Data records: Begin
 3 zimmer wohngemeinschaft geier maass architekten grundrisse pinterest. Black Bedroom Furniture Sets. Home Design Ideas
Data records: End
Data records: Begin
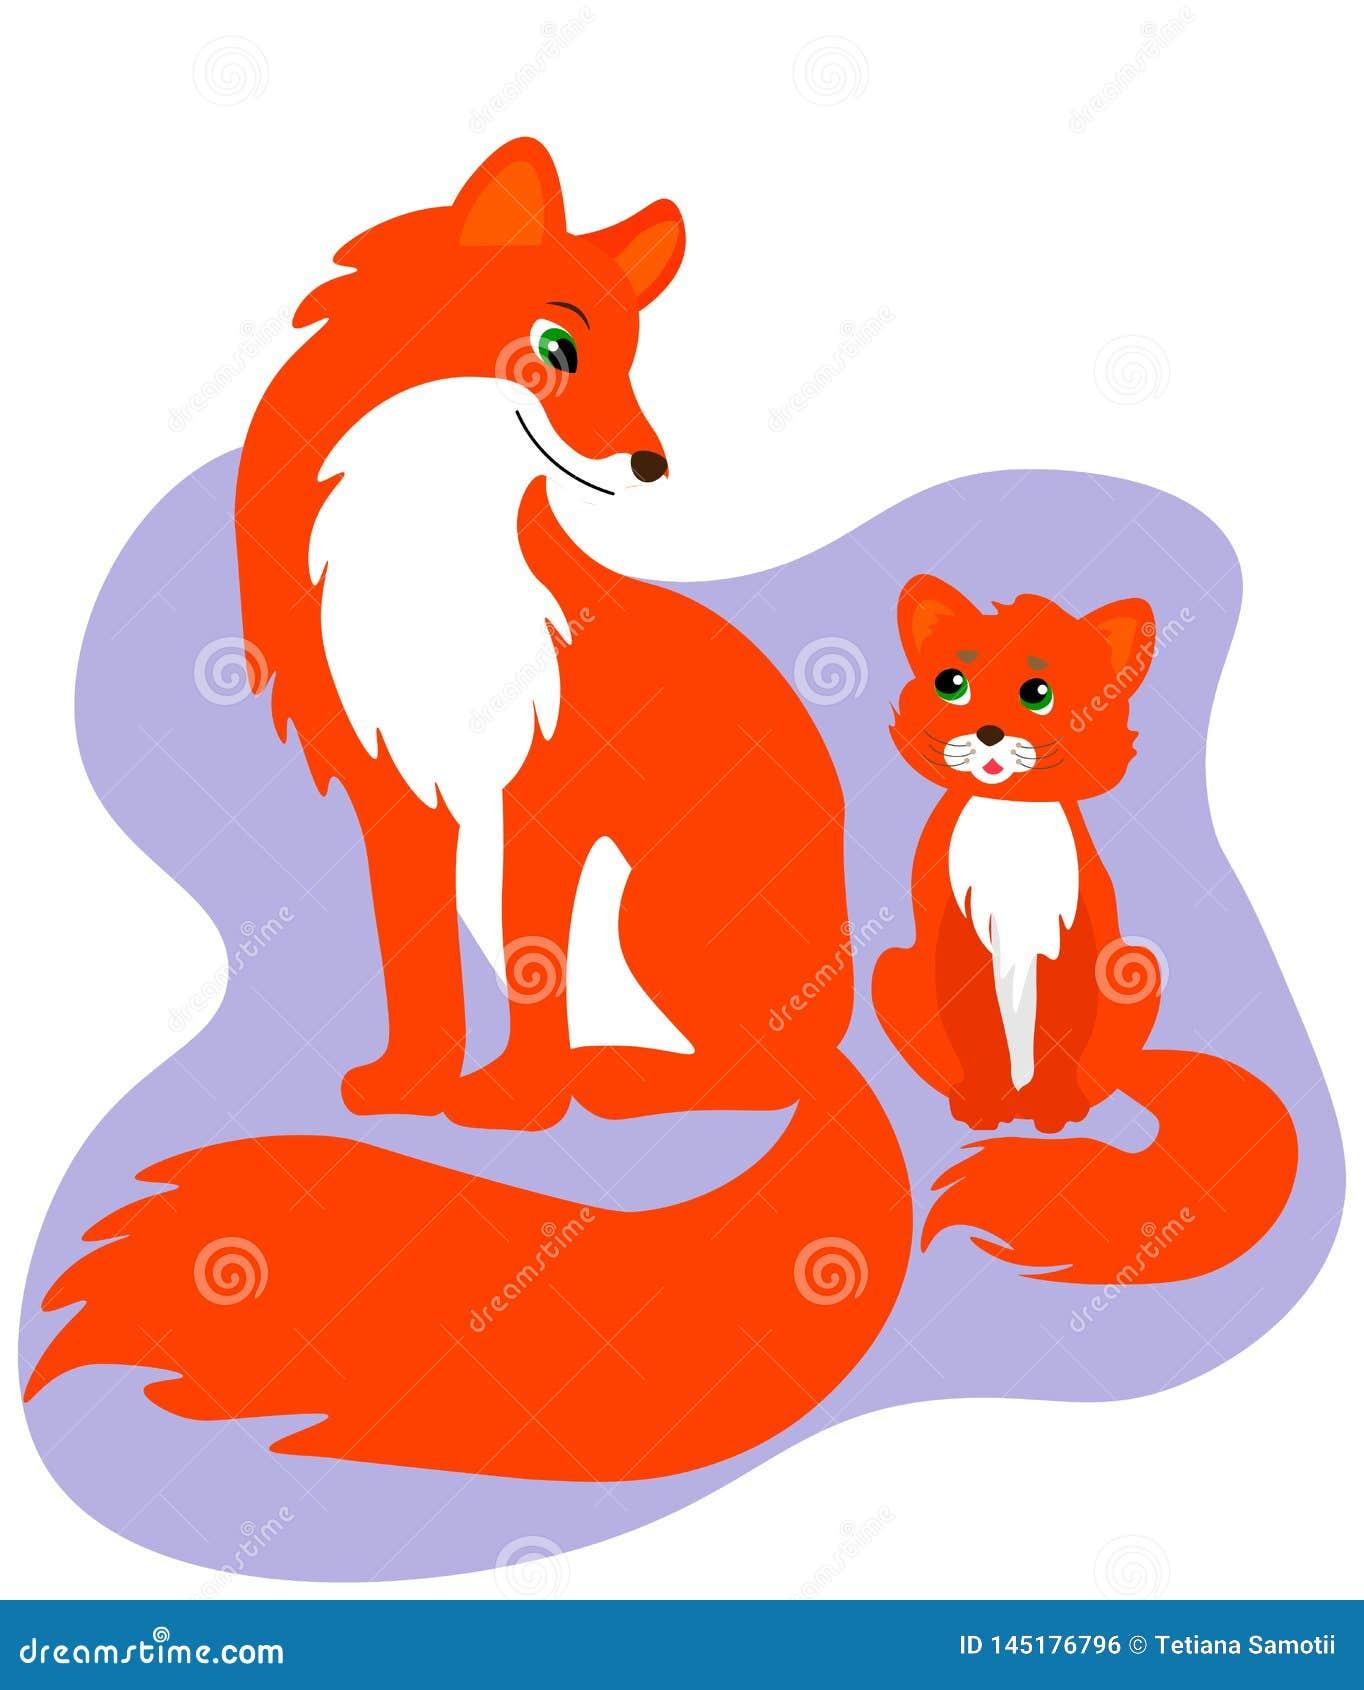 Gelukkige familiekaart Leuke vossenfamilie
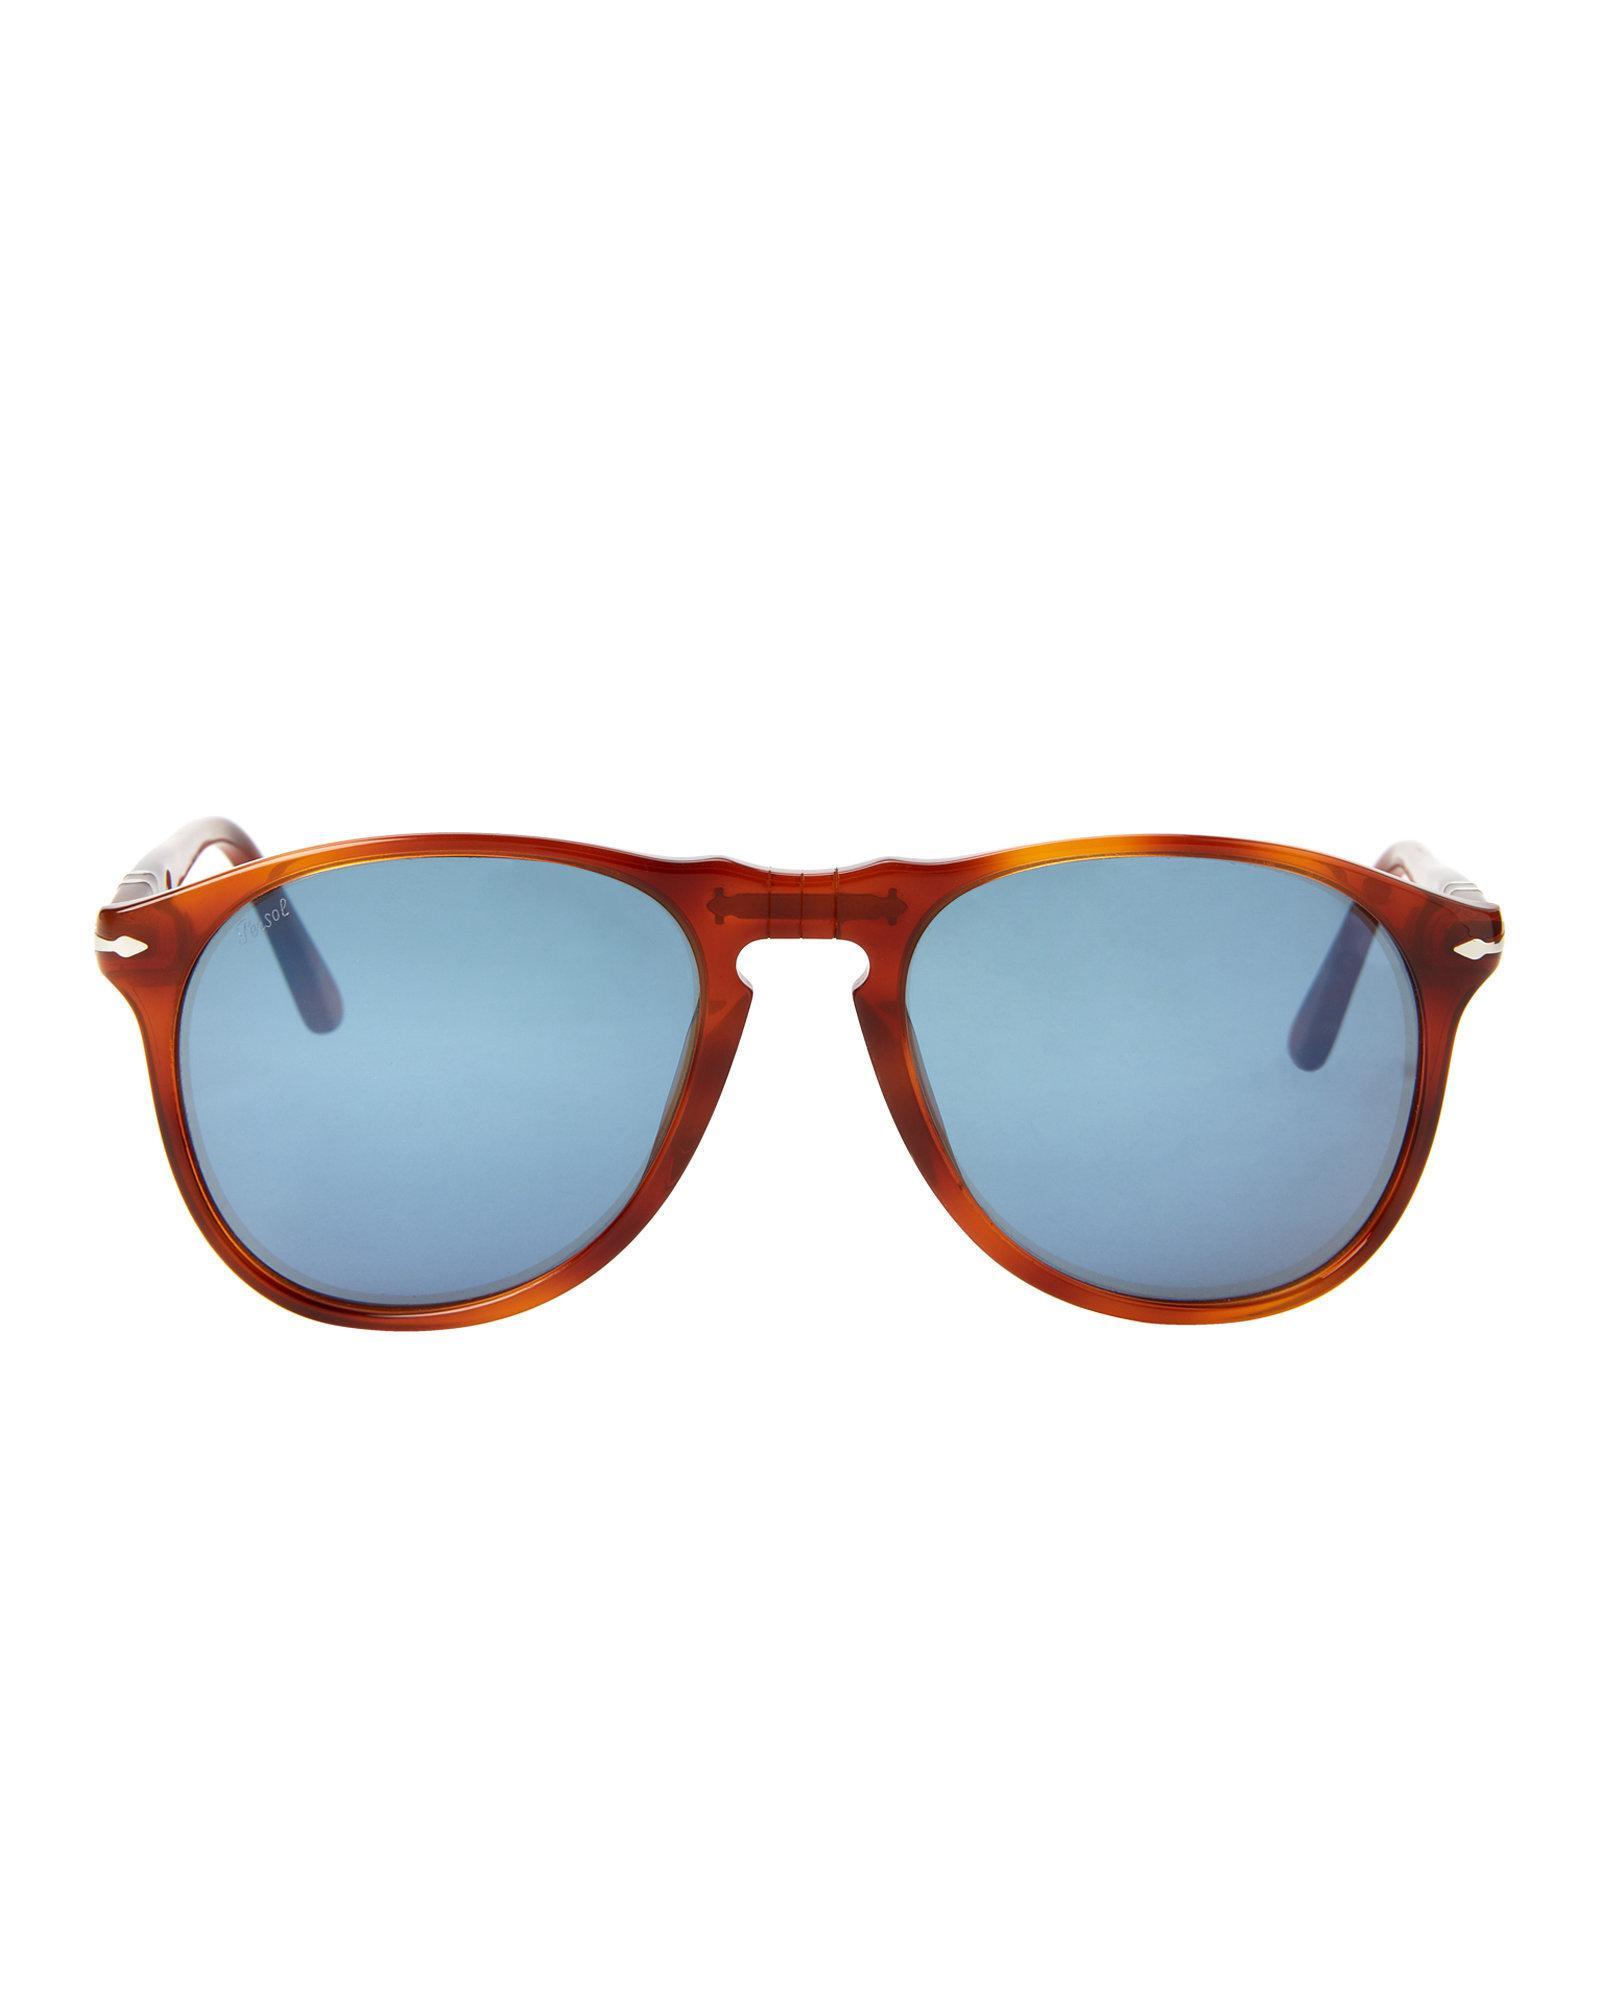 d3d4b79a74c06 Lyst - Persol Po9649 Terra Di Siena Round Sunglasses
Data records: End
Data records: Begin
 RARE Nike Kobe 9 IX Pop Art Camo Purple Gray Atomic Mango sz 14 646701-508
Data records: End
### Work task
Above are the records. Copy word for word only their lines from the one holding "Gelukkige familiekaart Leuke vossenfamilie" through the one holding "d3d4b79a74c06 Lyst - Persol", both included, and skip the images.

### Response to this task
 Gelukkige familiekaart Leuke vossenfamilie
 d3d4b79a74c06 Lyst - Persol Po9649 Terra Di Siena Round Sunglasses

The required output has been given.